How to complete this task
Give again, exactly and only, the lines running from the one with "Emilio frigato immobiliare" to the end of the material below; leave out pictures.

Provided data

——————————

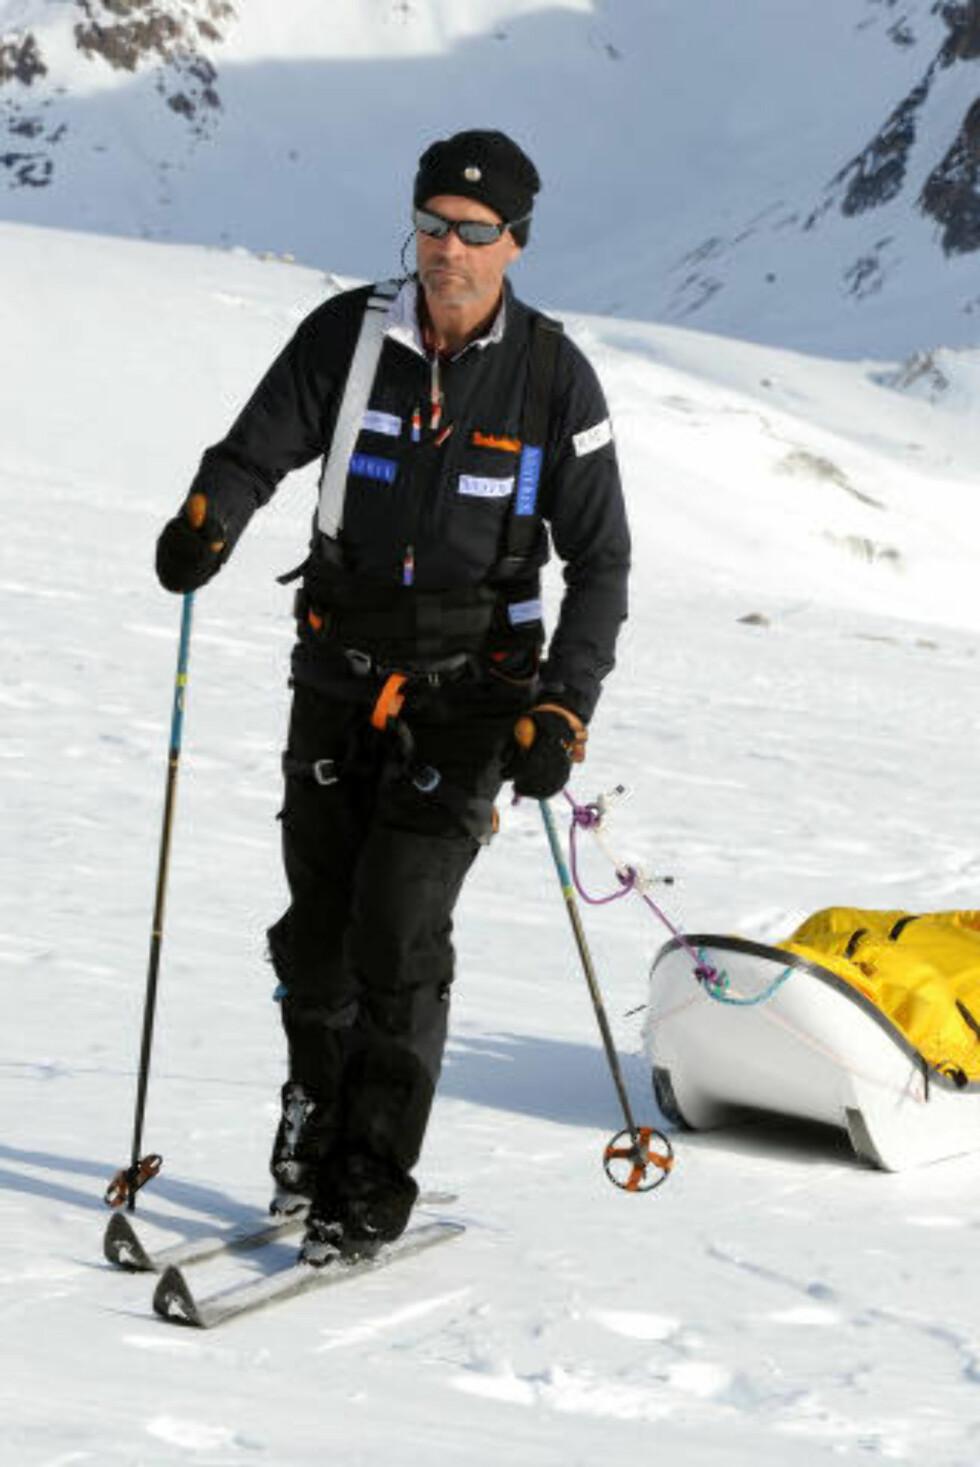 PÅ TUR:  Henry Worsley opå en av sine tidligere Antarktis-ekspedisjoner i 2008. Foto: John Stillwell, Press Associaton/NTB Scanpix.
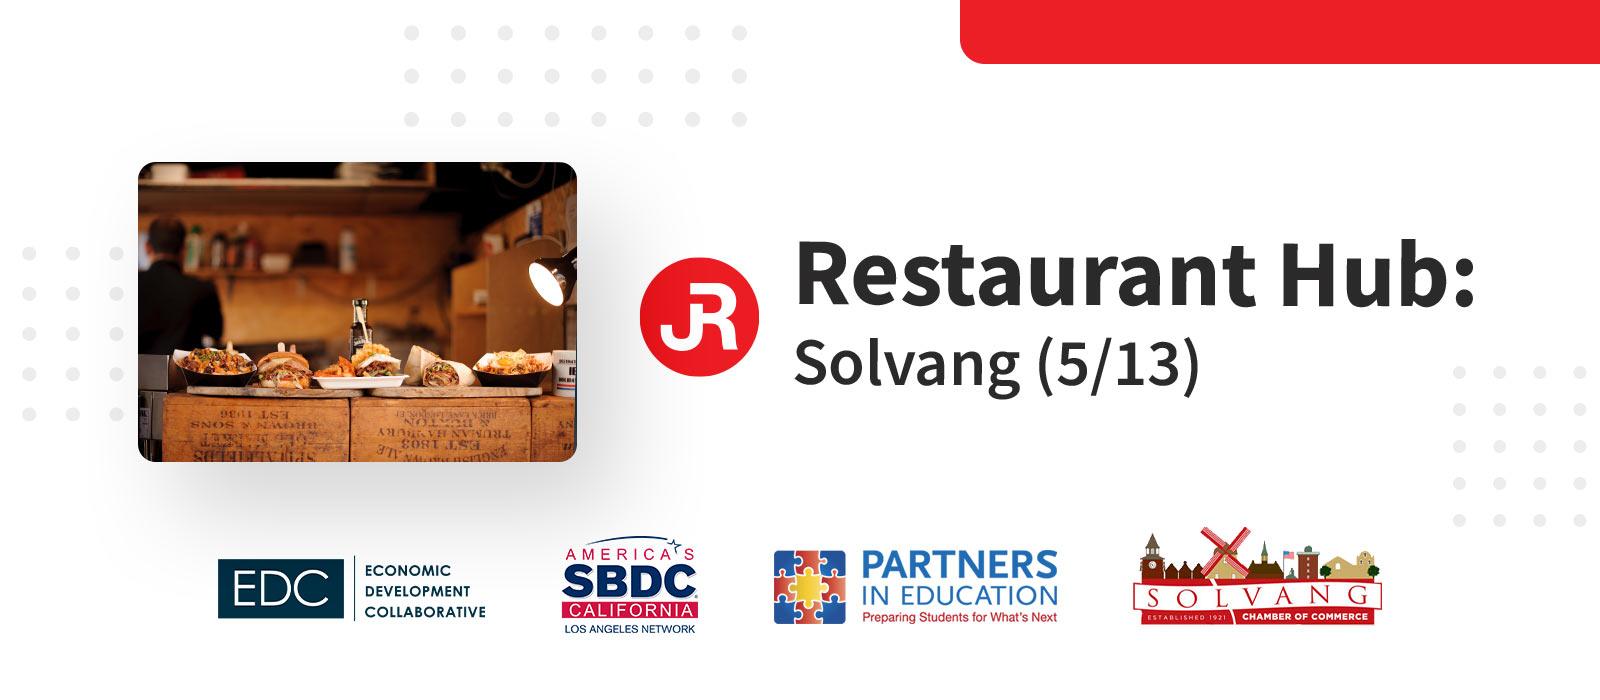 Restaurant-Hub-event-cover-5.13-Solvang
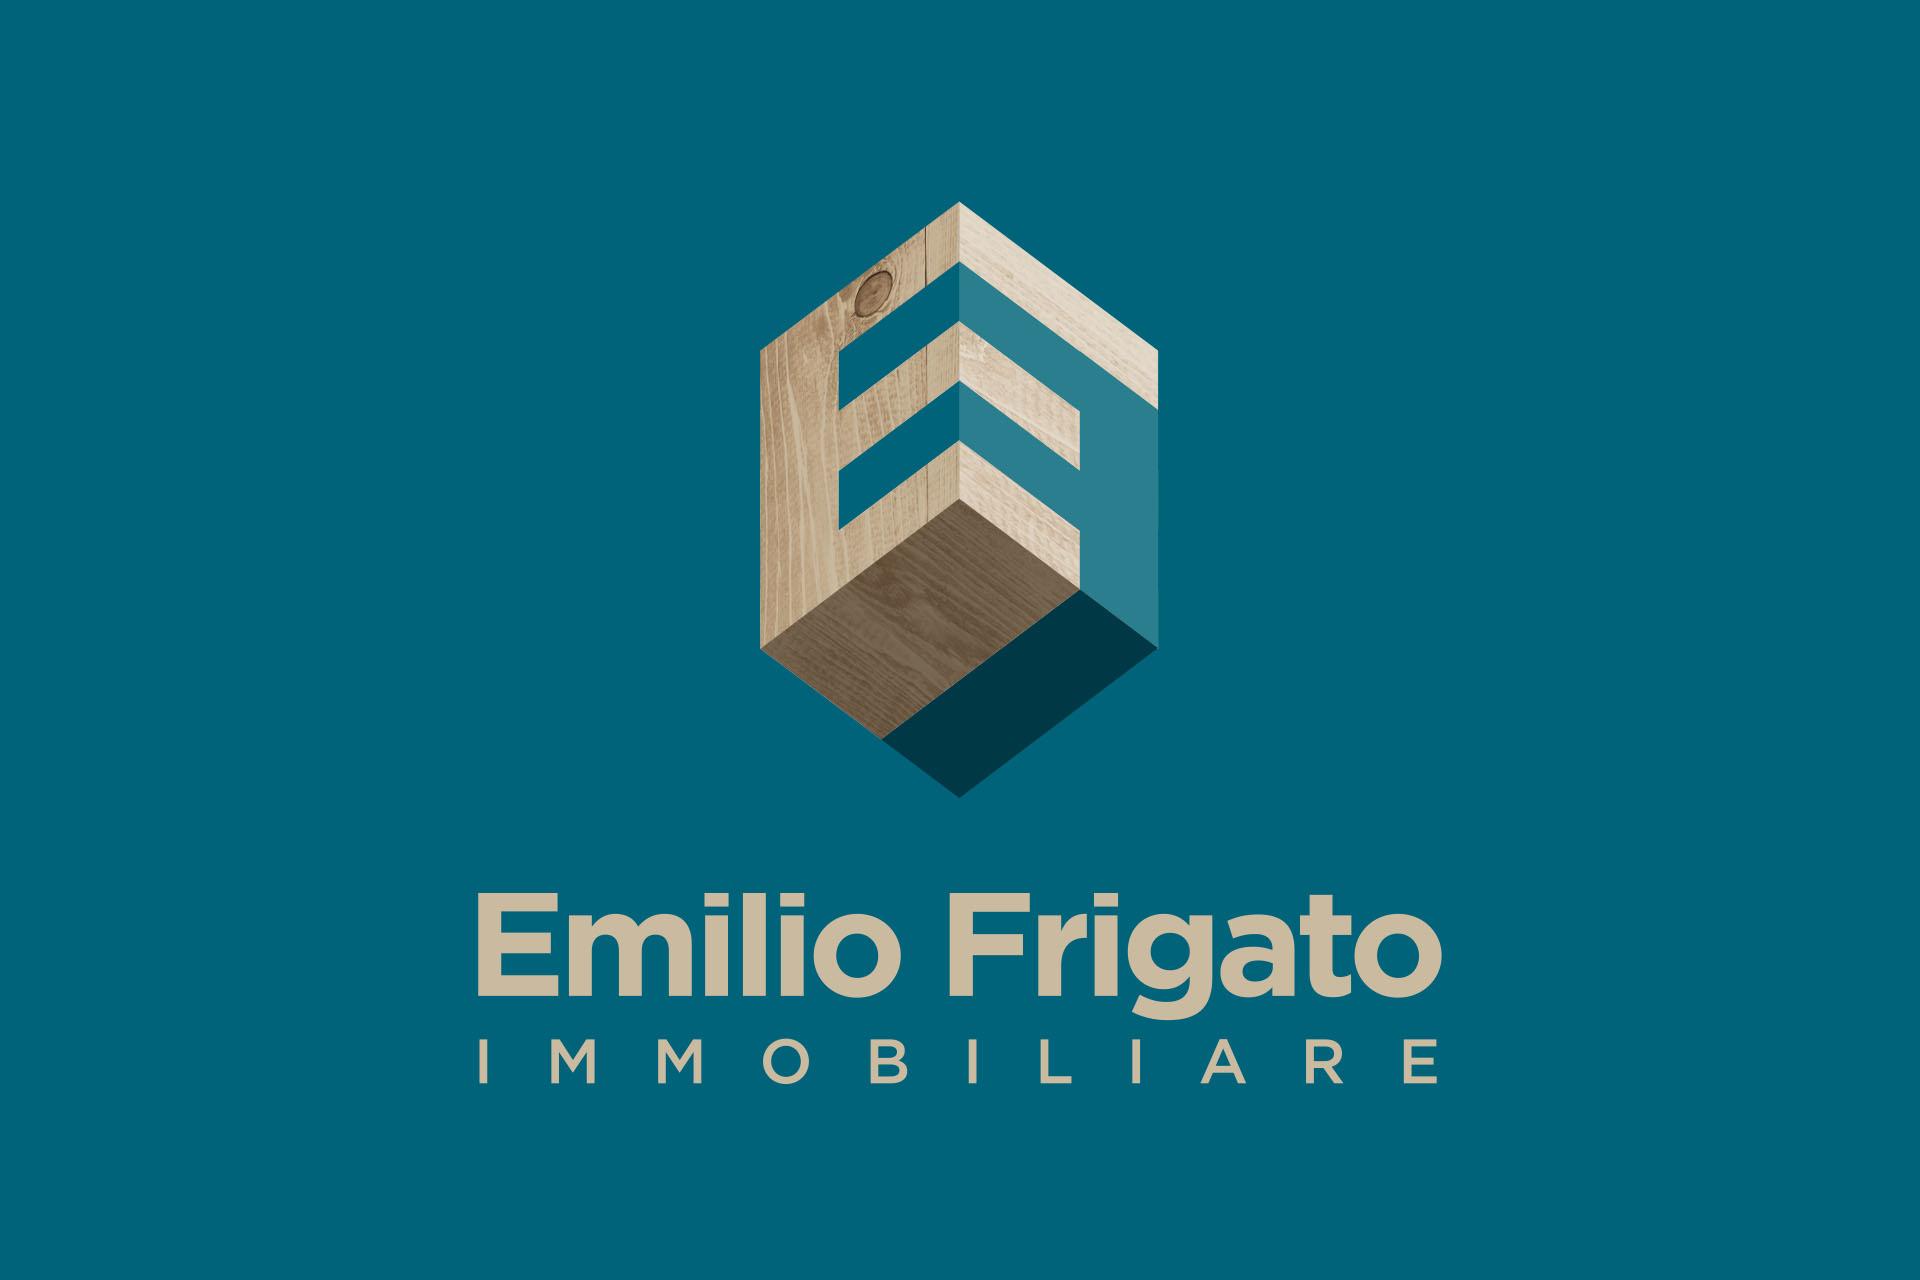 Emilio frigato immobiliare slide 2 corporate identity
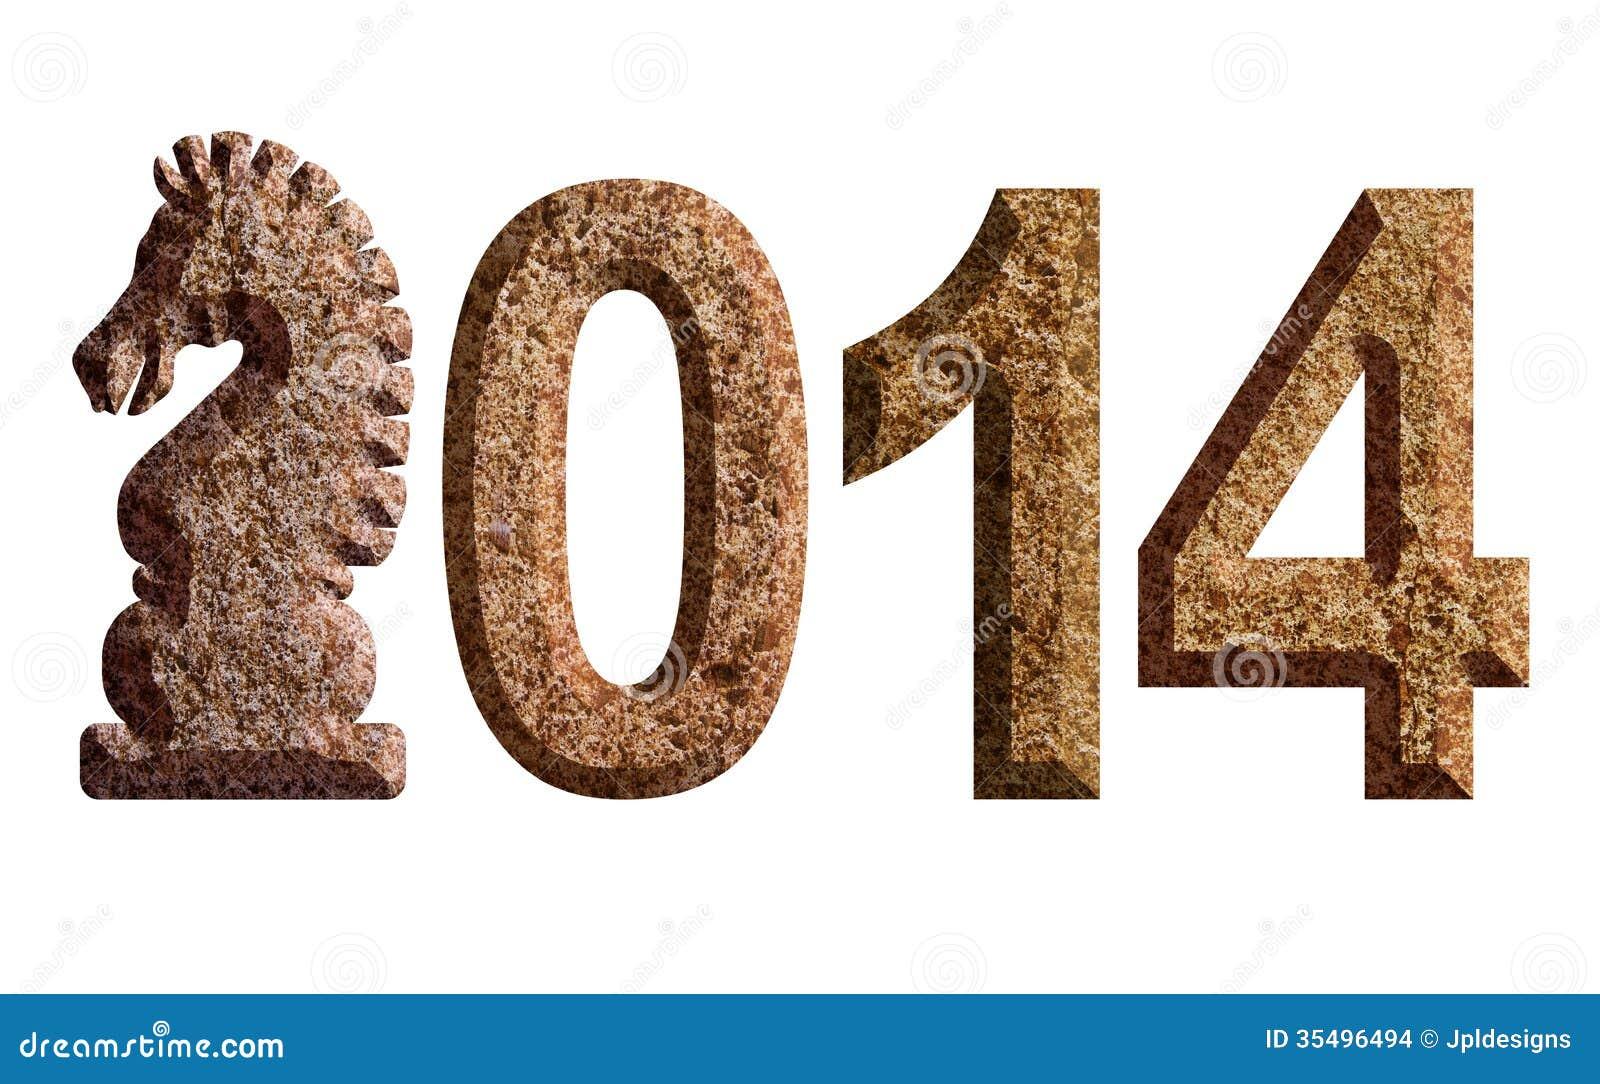 2014 chinese horse 3d chisel stone illustration stock illustration royalty free stock photo buycottarizona

——————————

Result of this task
 Emilio frigato immobiliare slide 2 corporate identity
 2014 chinese horse 3d chisel stone illustration stock illustration royalty free stock photo buycottarizona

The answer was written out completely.